To go across the street to her evil sister in laws house.

Okay :)

I let it happen.
I had enough.

My Boss asked me later that week why It happenned?
With a gruff face
"Why did his 58 year old mentally ill wife manage to get out"

"I'm exhausted.
I do everything in my power to take care of your sorry lazy ass, to raise your daughter and to manage a crazy person and you do everything in your power to work against me to douche.
That's why."

I quit.

The next week I moved out and he tried to withhold my paycheck from me.
I stress the word "tried"

Considering the circumstances, and the fact that I didn't develop a drinking problem and held this job for almost two years. Methinks I did well.

I might have quit something for the first time in my life.

But that little girl I was taking care of knows she has a big sister out there who will tell her the truth about life but give hugs no matter what.
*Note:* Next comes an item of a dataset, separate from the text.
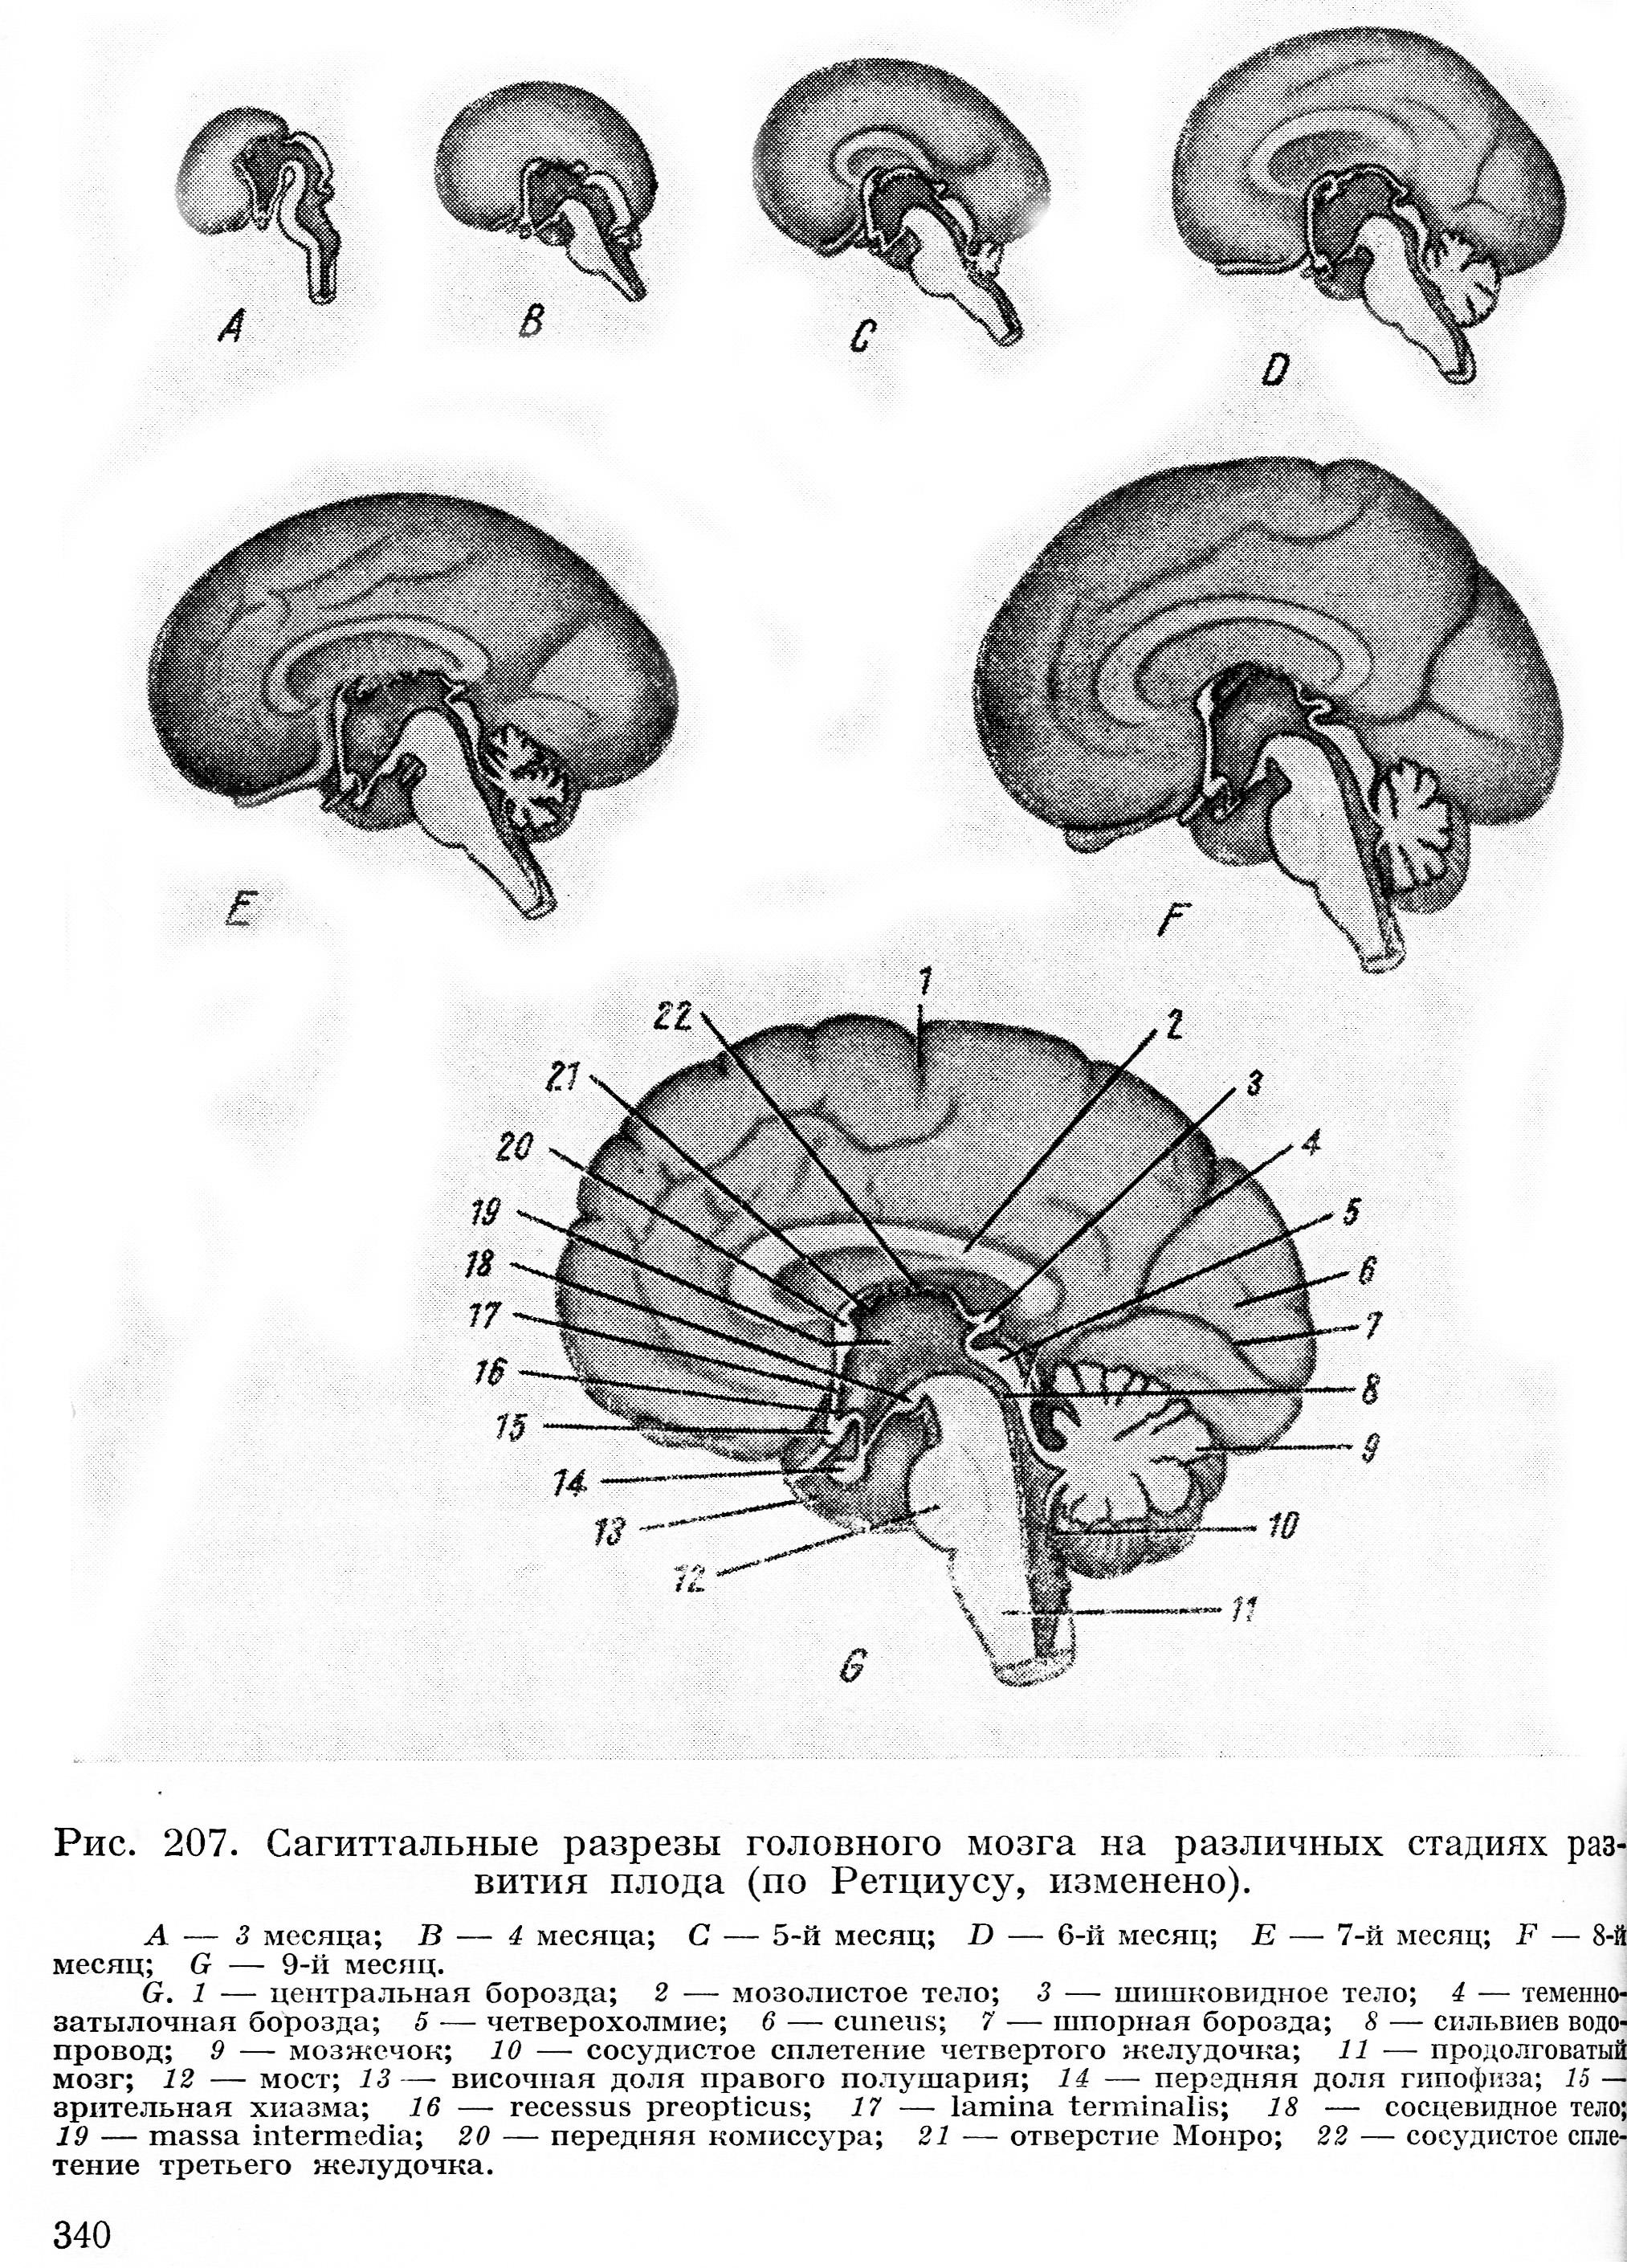 Эмбриогенез мозга человека. Шишковидная железа мозг в разрезе. Сагиттальный разрез головного мозга анатомия. Схему развития головного мозга человека. Изобразите схему развития головного мозга человека.

Home. Because I clicked my heels three times.
In a weeks time I found myself the most amazing apartment,
sitting behind a river, in an old country town, next to a brewery, above an organic coffee shop.
My bedroom window has a fancy boutique sign outside.
And my roommates are good people.

Good people.

I got a job at a Buffalo Wild Wings.

Beer. Sports. Wings.
As I spout their anthem proudly ....the crew I work with is really decent.
Everyone works together, and we all do our fair share.
The management doesn't play on Team Suck. BONUS!

And As of now.....I'm happily enjoying the beginning of my life.

My turnaround point.
This was it.

I started running.
Honestly , twice a week.
Now I'm bumping it up....and I'm going to try for every day.

My hair has started growing back.
I'm losing weight again.
And I'm thoroughly happy.

----------->INSERT TOOTHY GRIN HERE<-------------

My main objective now is to find a writing job.
A writing job about survival.
Something that will push my limits physically, in a company that will give me assignments to do so.
I want to find a company where my boss sees my potential and shows me the directions I can go in to flourish with it.

I've been through beyond hell and fire mentally and emotionally.
I'm sound. I'm here. I'm alive. I'm well.

This is my next goal....
Within it. I'm writing a small excerpt about getting physically fit.
So if you're interested in reading my cynical spouts and
no so how to- more how I did
Check out my other blog. Pass it around.

If there is ever one thing I need. It's support. And my gratitude would be never ending.

I got to this point with very few people in my life who actually care about me.
Round about 2.

It's not easy. And if you have parents that love you. I suggest you give them a hug.
If you have people in your life that care for you. Give them a hug.
A smile.
Hang out with them.

Support is the greatest tool you can give someone.
It allows them to succeed in the greatest and worst of ventures because it is the knowledge that someone is not going to judge them if they should fail.

I never really had much of that.
But I'm still standing, and now stronger than before.
I'm still in the Game.
The only difference is................................................

Now I know how to play and I have my objective.